Friday, January 21, 2011


     
     Happy New Year!  I hope you are enjoying your sobriety journey in 2011!  This year is full of possibilities great and small and I hope to help you seize the moments of growth through the 12 Steps this year.  I will focus on one step per month. 
     January is a time of new beginnings.  It is a time to reassess the areas of your life that you long to see changed for good.  It is a time for resolution, re-commitment, and re-dedication of your life to sobriety and recovery.  Let’s take a look at the step for January: Step 1!

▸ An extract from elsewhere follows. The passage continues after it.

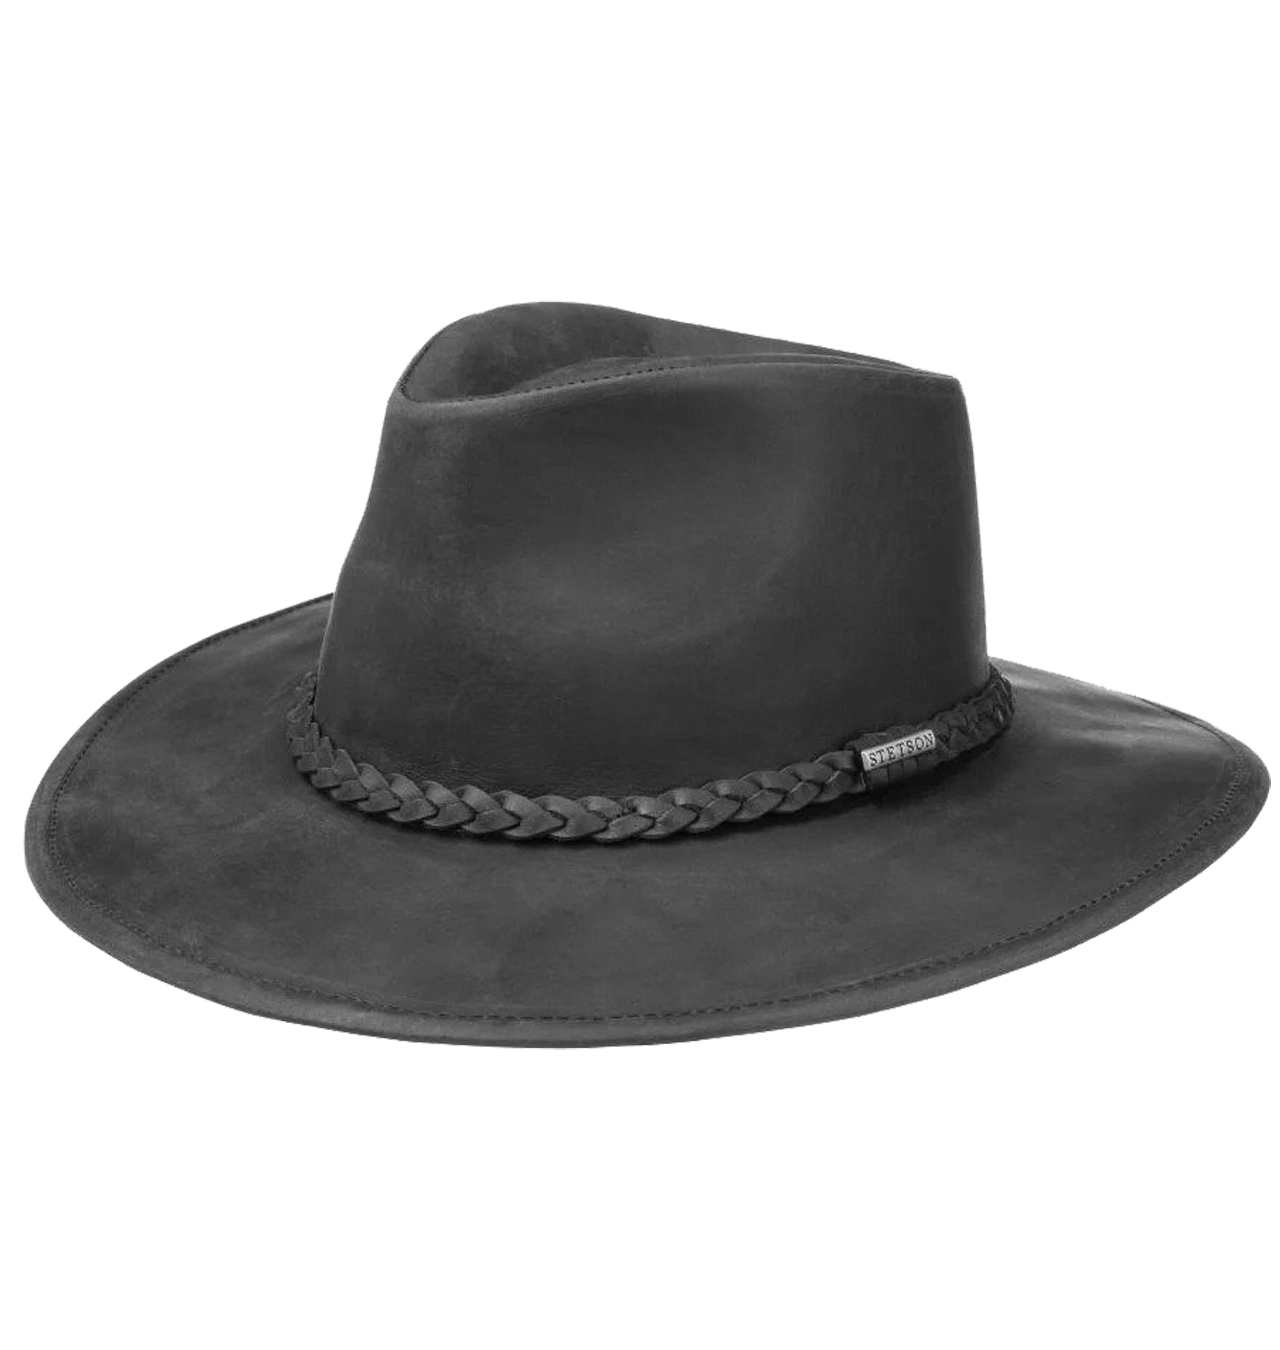 Stetson - Buffalo Leather Western Hat - Black
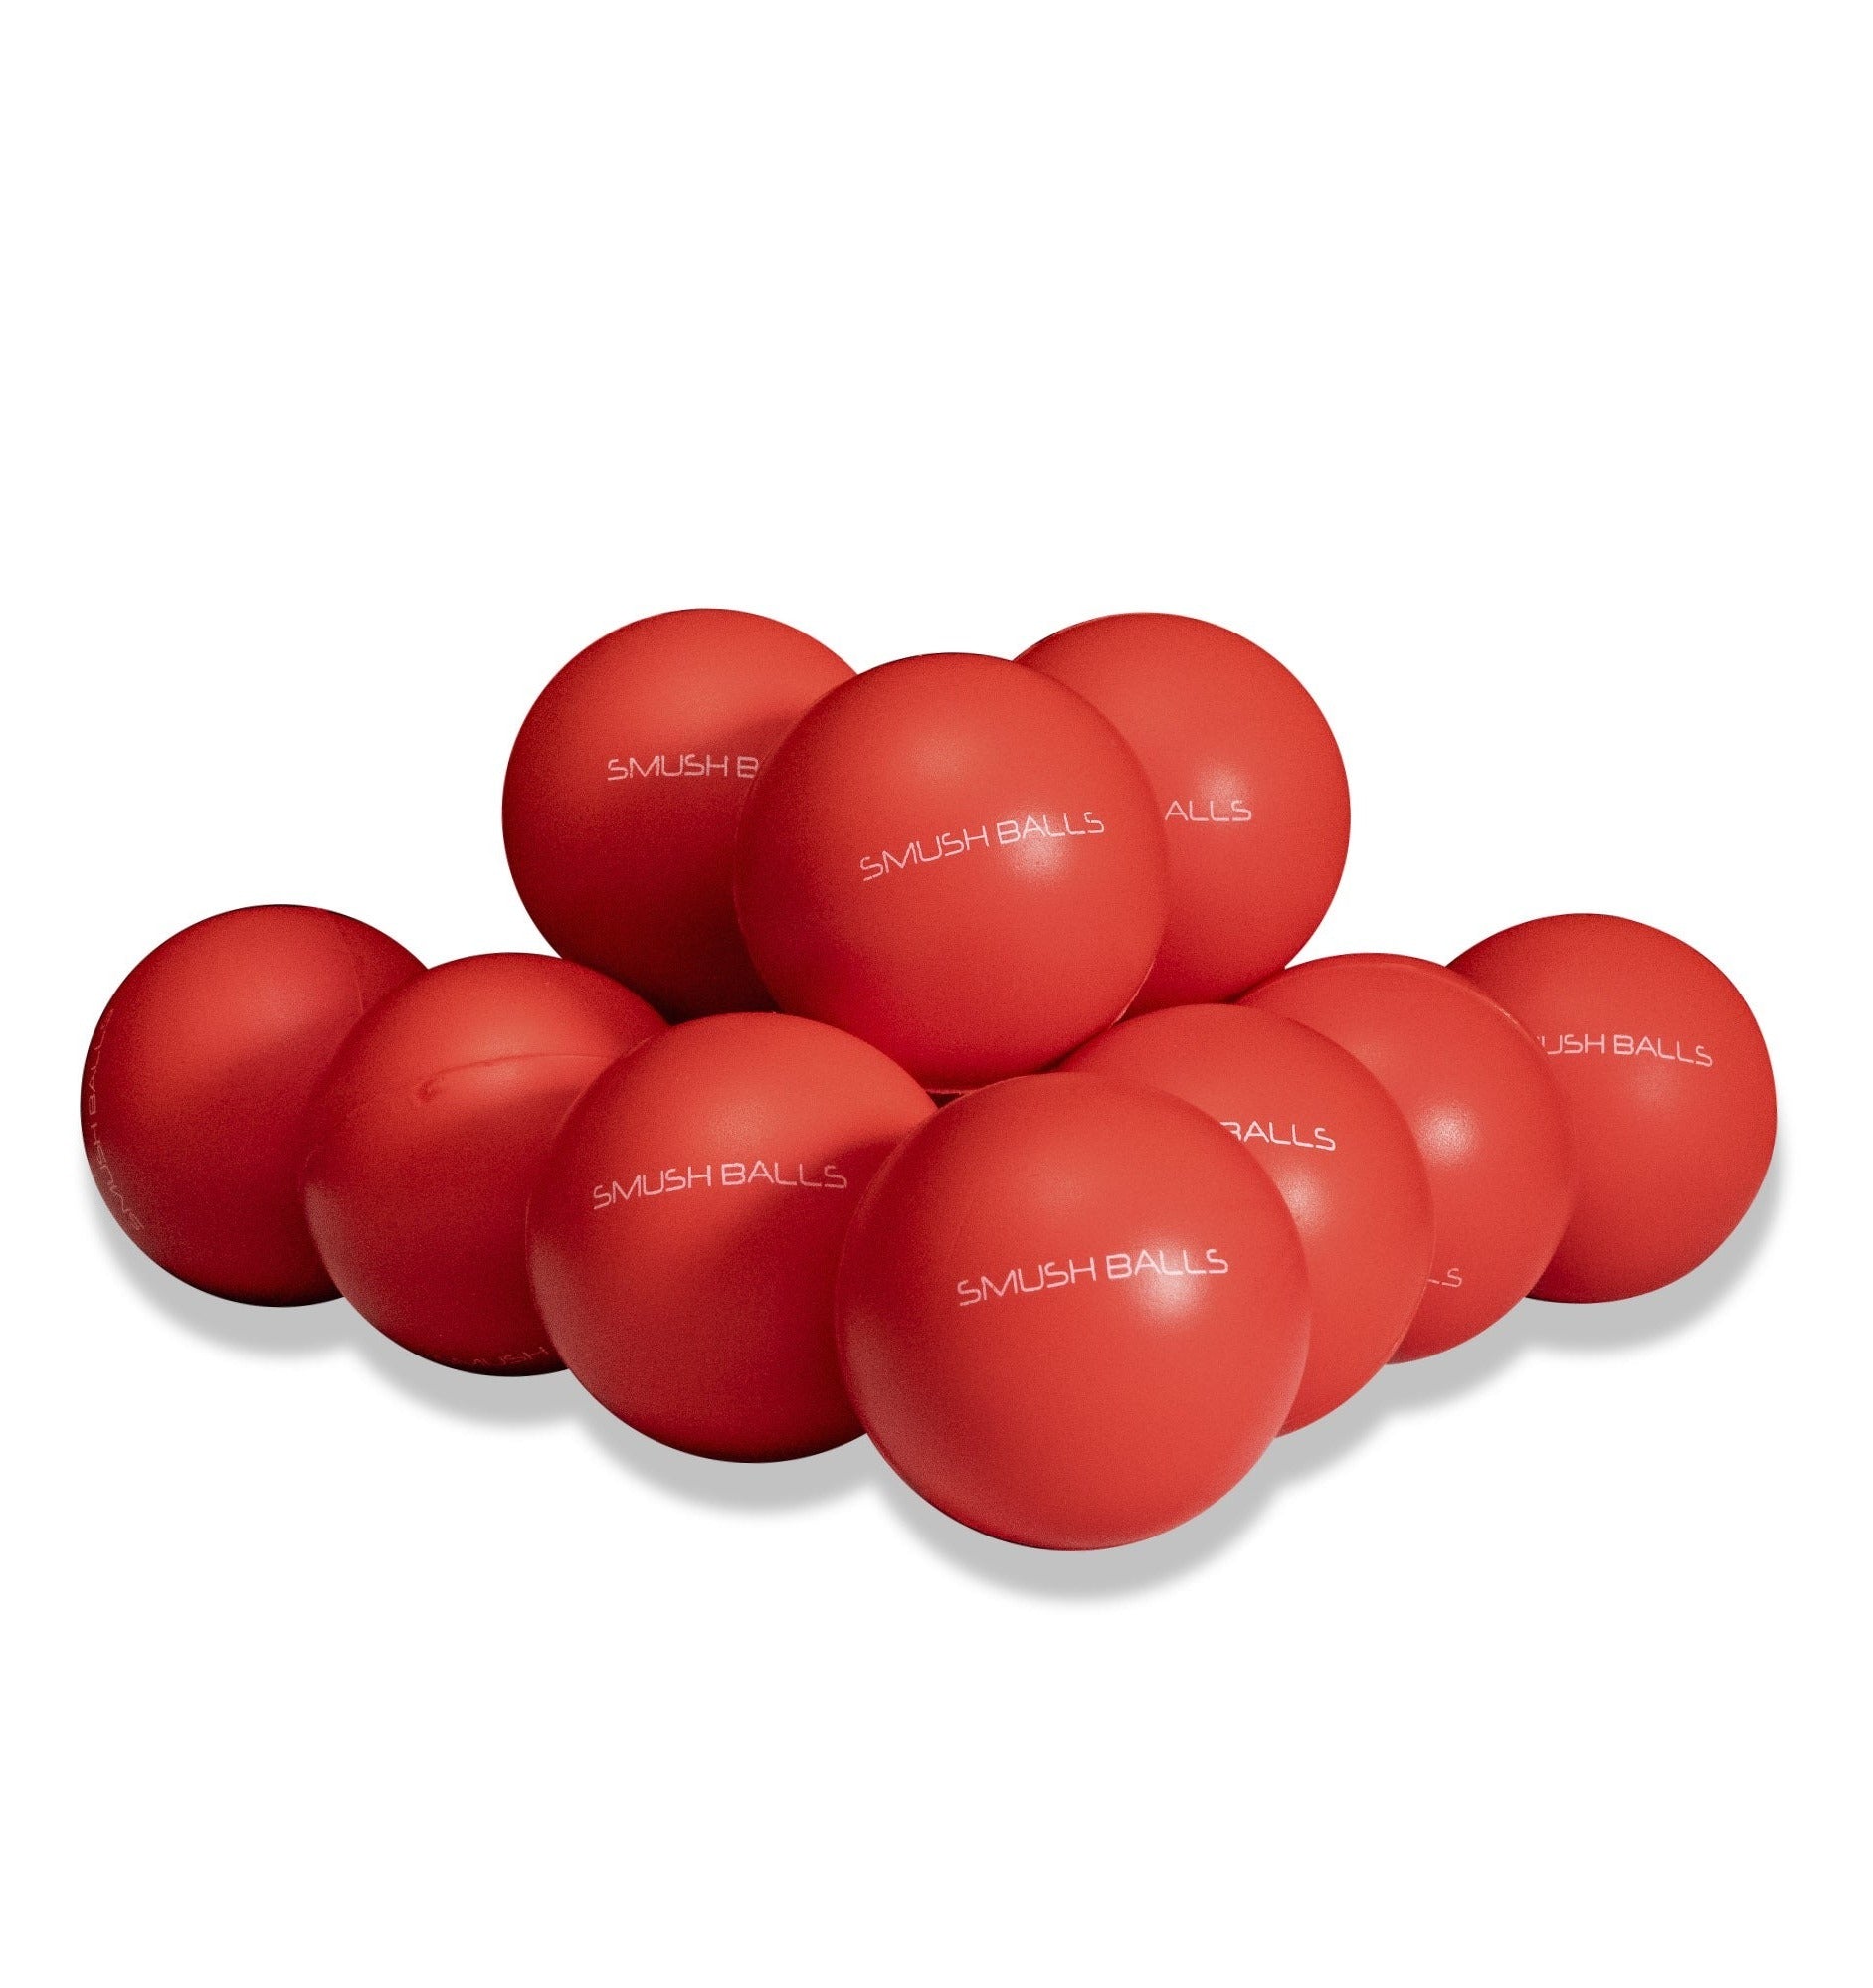 Red Smushballs

     Step 1 of Alcoholics Anonymous reads, “We admitted we were powerless over alcohol and our lives had become unmanageable.”  To admit personal powerlessness is very difficult because you risk having to embrace the truth of your admission.  You risk ridicule.  You risk rejection.  You risk judgment.  However, risk it anyway!  The only way you will ever get better is a no, holds barred assessment, understanding, and admission of your powerlessness over alcohol and/or drugs. 
     About the word powerless…this is important to understand.  Powerless is not an excuse to stay drunk or high.  It is not a cop-out.  It is not a “woe-is-me” sentiment.  Rather, it is a declaration of the truth, namely, that you cannot beat this stuff by yourself.            
     For example, if someone pushes you in a pool and you can’t swim, a couple of things can happen.  First, you may by chance or luck find a way to keep your head about water and get out of the pool.  Second, you will learn very quickly how to tread water.  Third, you will drown.  Last, you can call for help and I, a once certified lifeguard, can dive in and rescue you.  However, any trained lifeguard knows to never approach someone who is kicking and thrashing and screaming in the water because they will drown you too!  However, if I ask you to remain calm and slowly act like you’re riding a bike, I can swim behind you and pull you to safety.  You must first relax, accept, and admit your powerlessness before you can be rescued.
     So, why not adopt a similar attitude in regards to your addiction.  Take this month of January and reflect on all the times you promised yourself (and others) that you were quitting for good this time.  Count the cost (financial, relational, emotional, mental, spiritual, physical) of the bill that substance abuse has sent you over the life of your use.  And decide that you need help.  Decide that you would be quit if you had the power by now.  Decide you need someone/something else to help you do for you what you could not do for yourself: stay clean.  There is power in powerlessness…give it a try!